### EXERCISE GOAL
Word for word, restate the listing that follows and leave out the images.

### DATASET EXTRACT
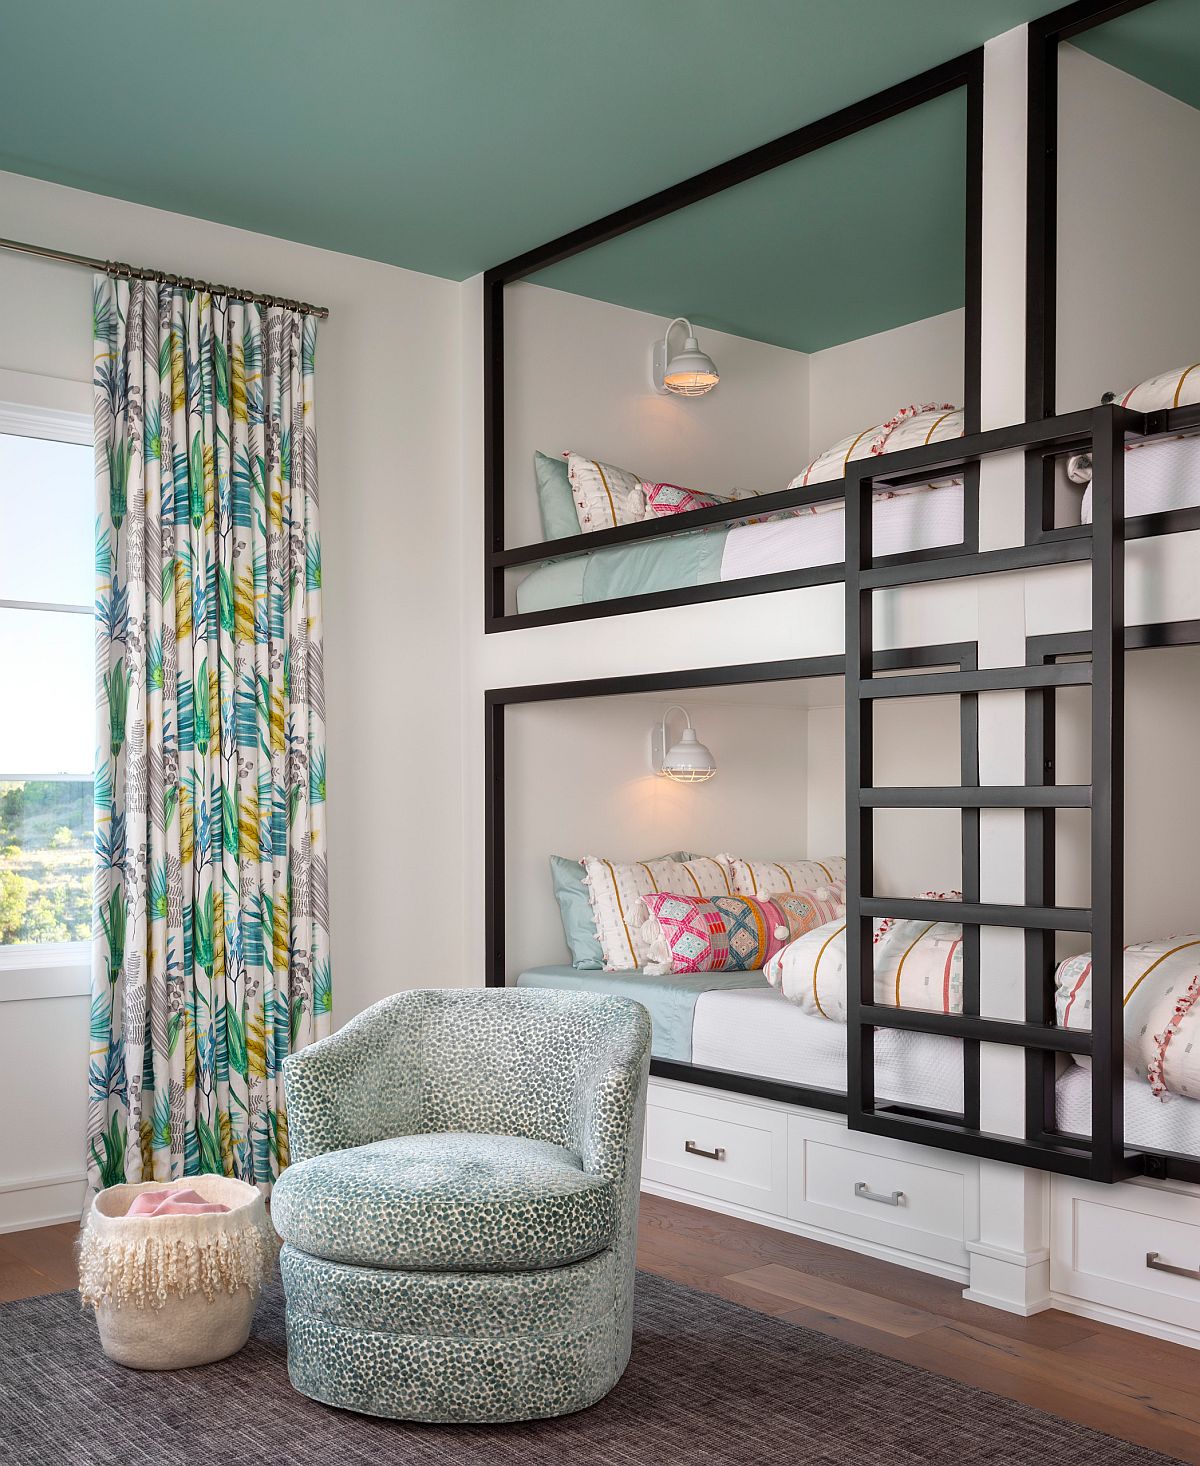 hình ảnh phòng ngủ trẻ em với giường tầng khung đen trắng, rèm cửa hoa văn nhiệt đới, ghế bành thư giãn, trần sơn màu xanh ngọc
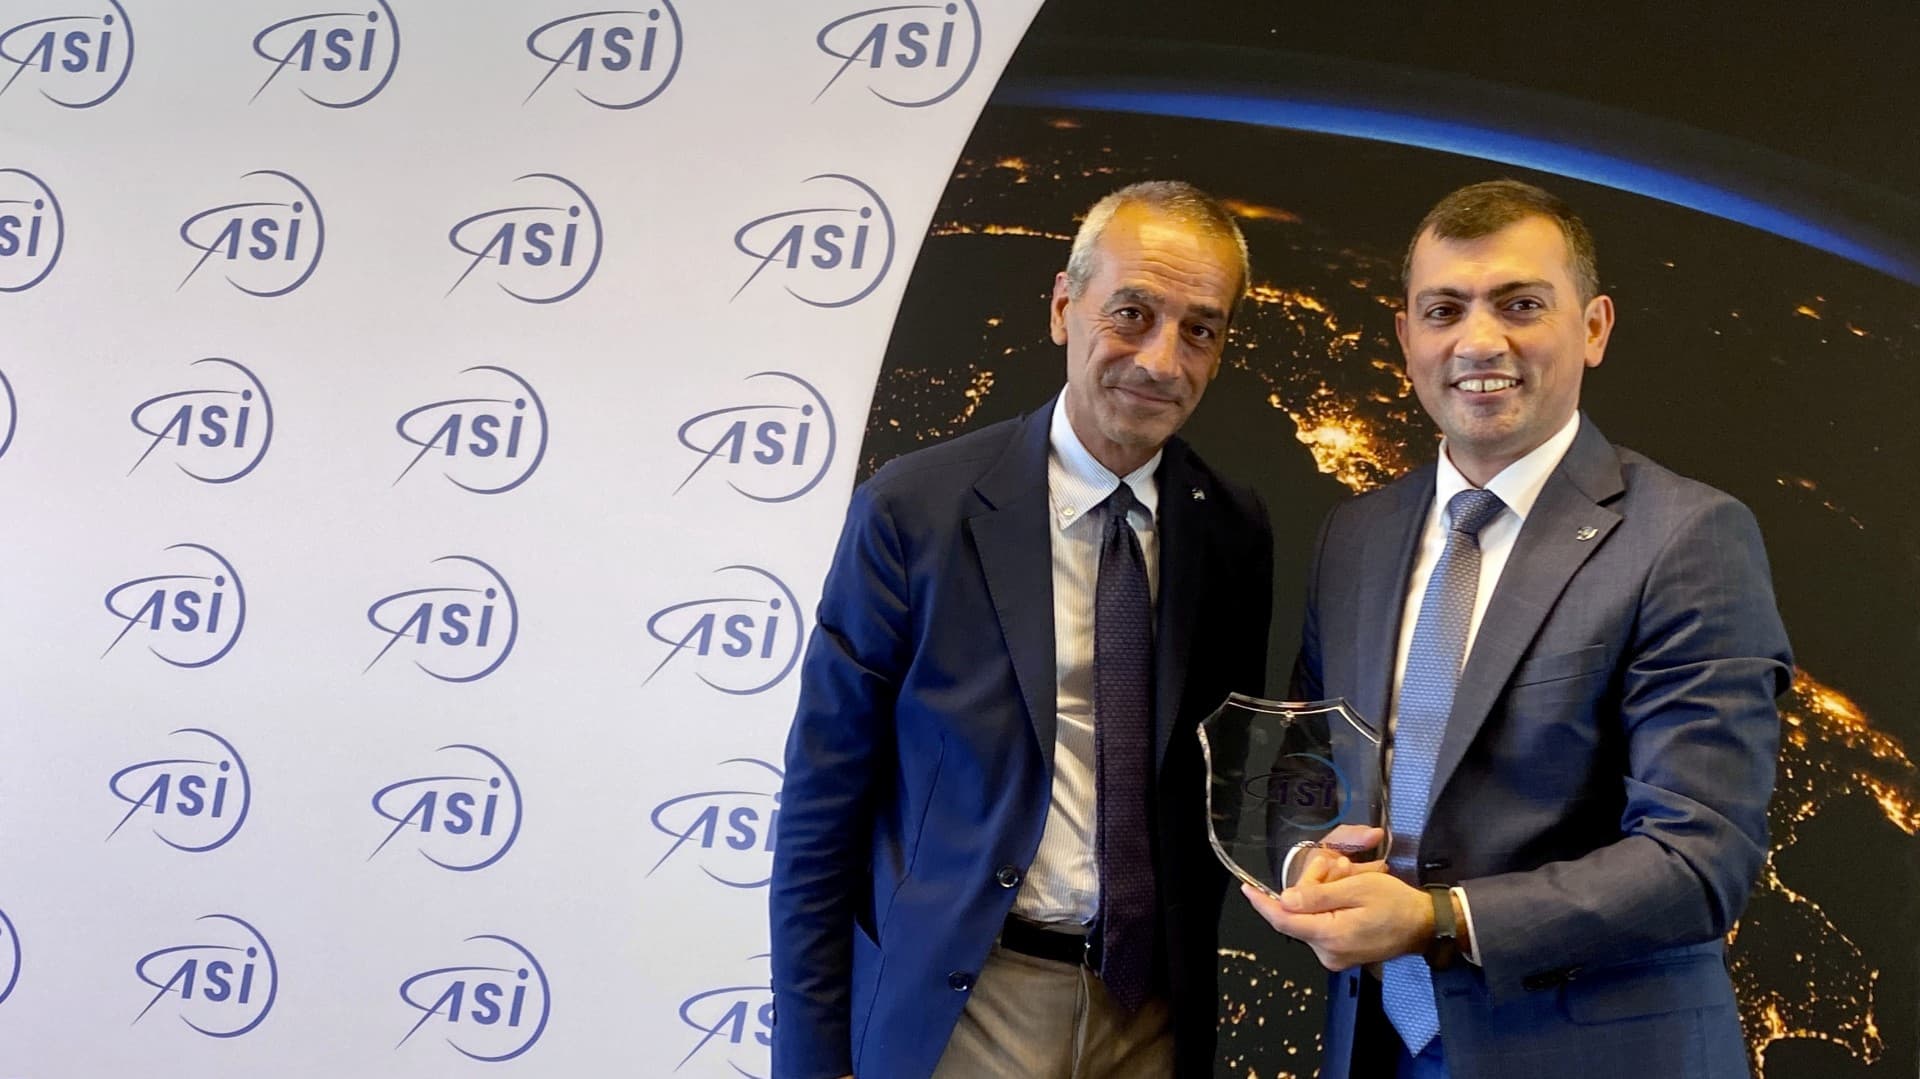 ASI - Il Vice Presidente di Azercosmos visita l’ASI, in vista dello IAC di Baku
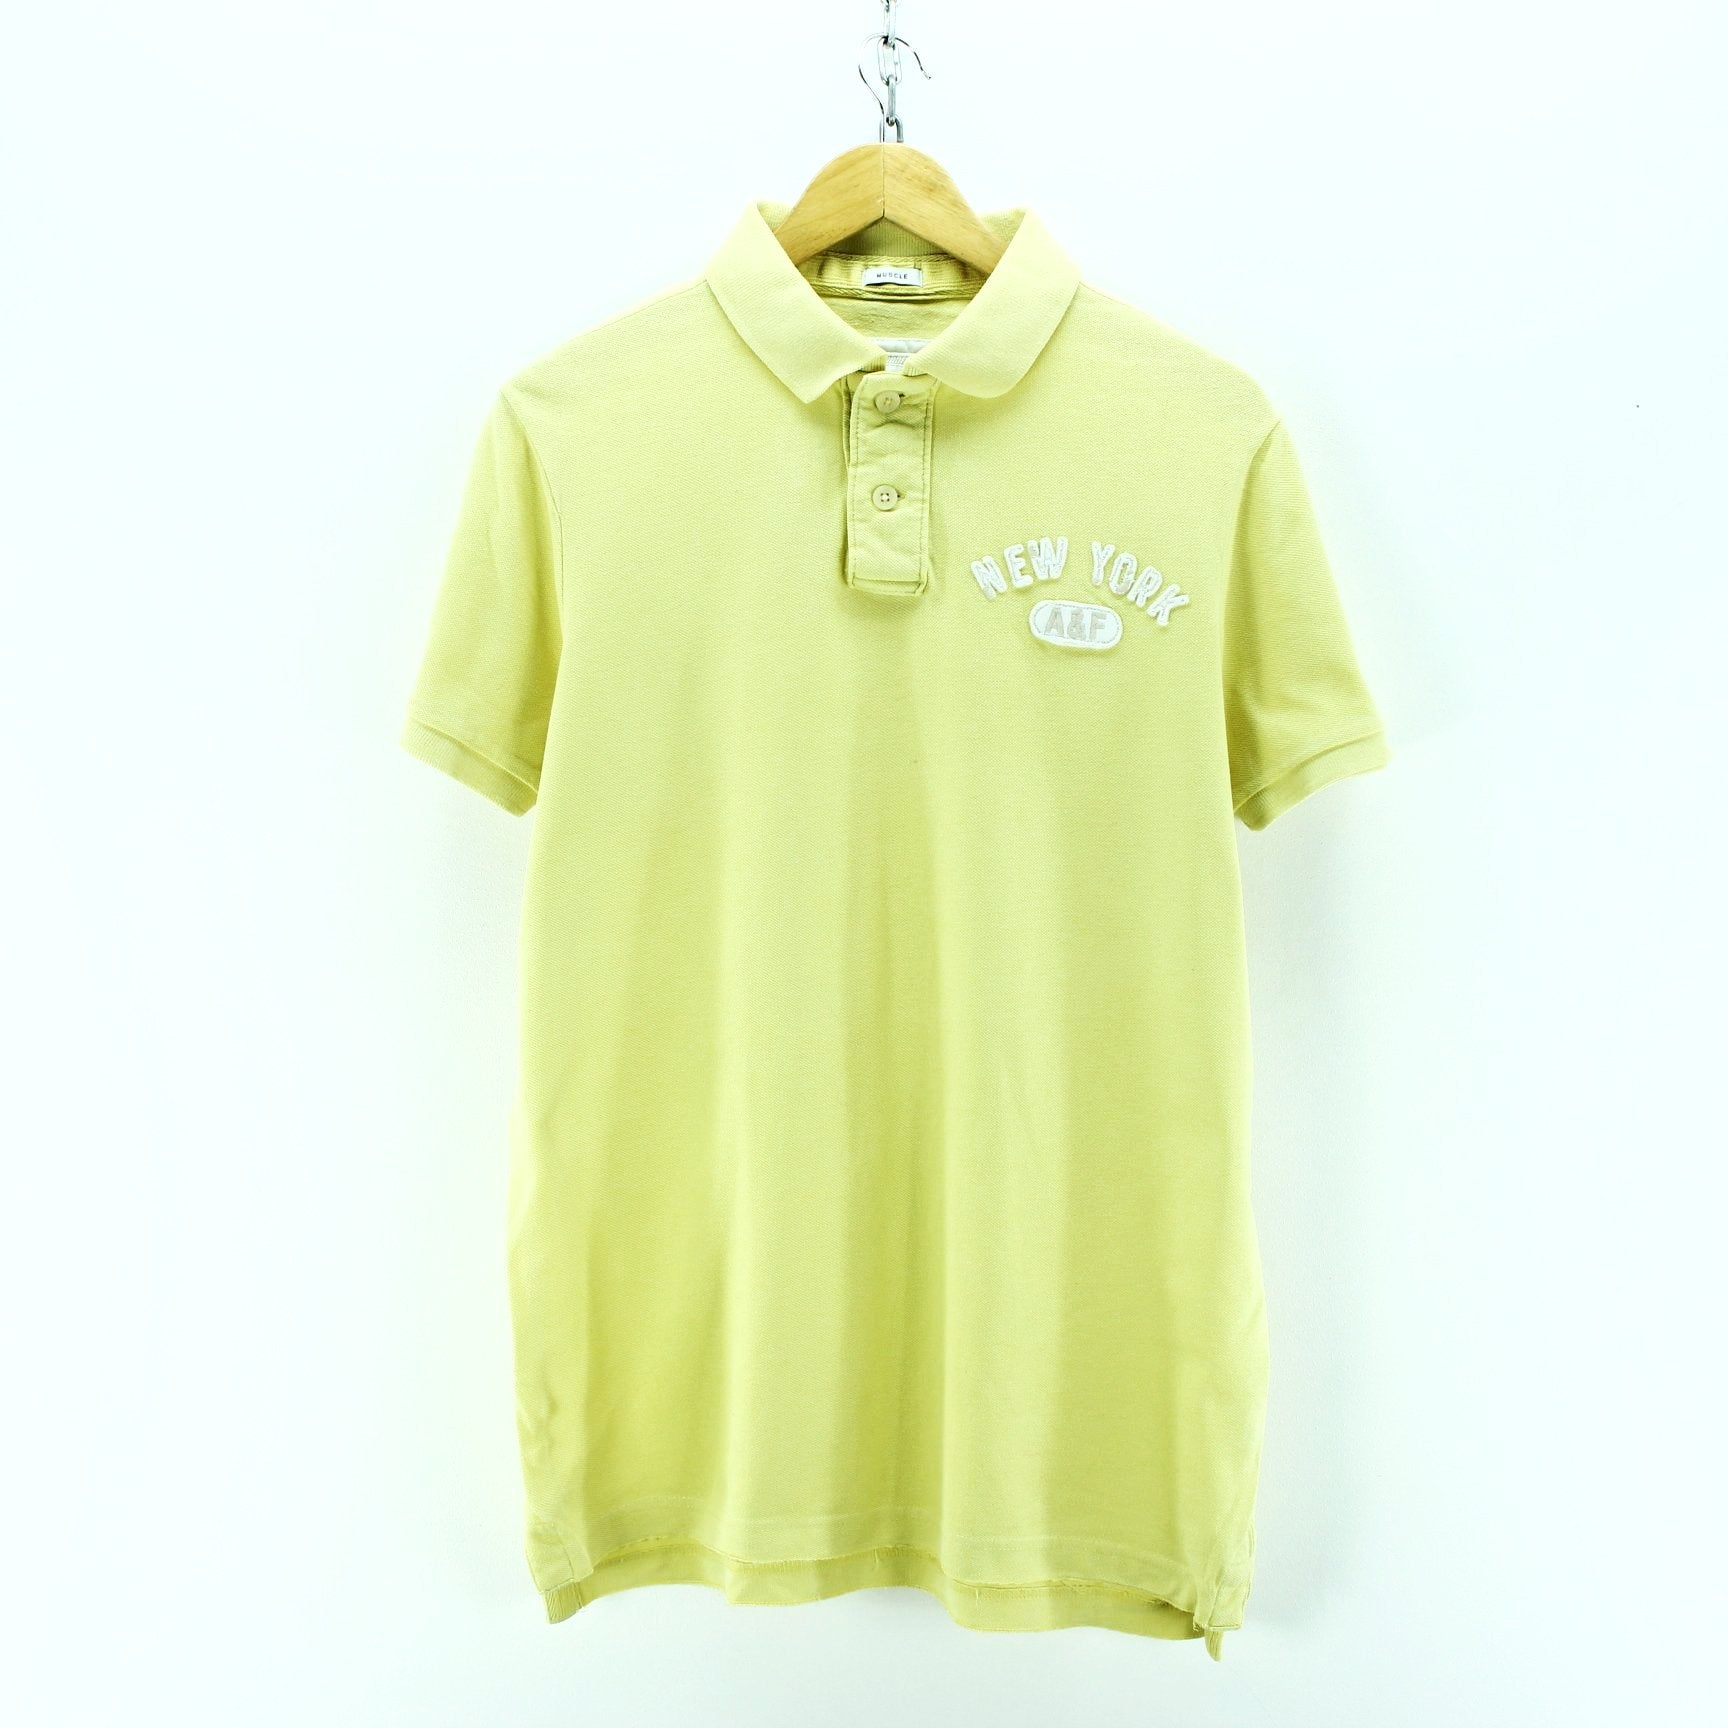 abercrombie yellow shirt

### SOLUTION BELOW
 hình ảnh phòng ngủ trẻ em với giường tầng khung đen trắng, rèm cửa hoa văn nhiệt đới, ghế bành thư giãn, trần sơn màu xanh ngọc
 ASI - Il Vice Presidente di Azercosmos visita l’ASI, in vista dello IAC di Baku
 abercrombie yellow shirt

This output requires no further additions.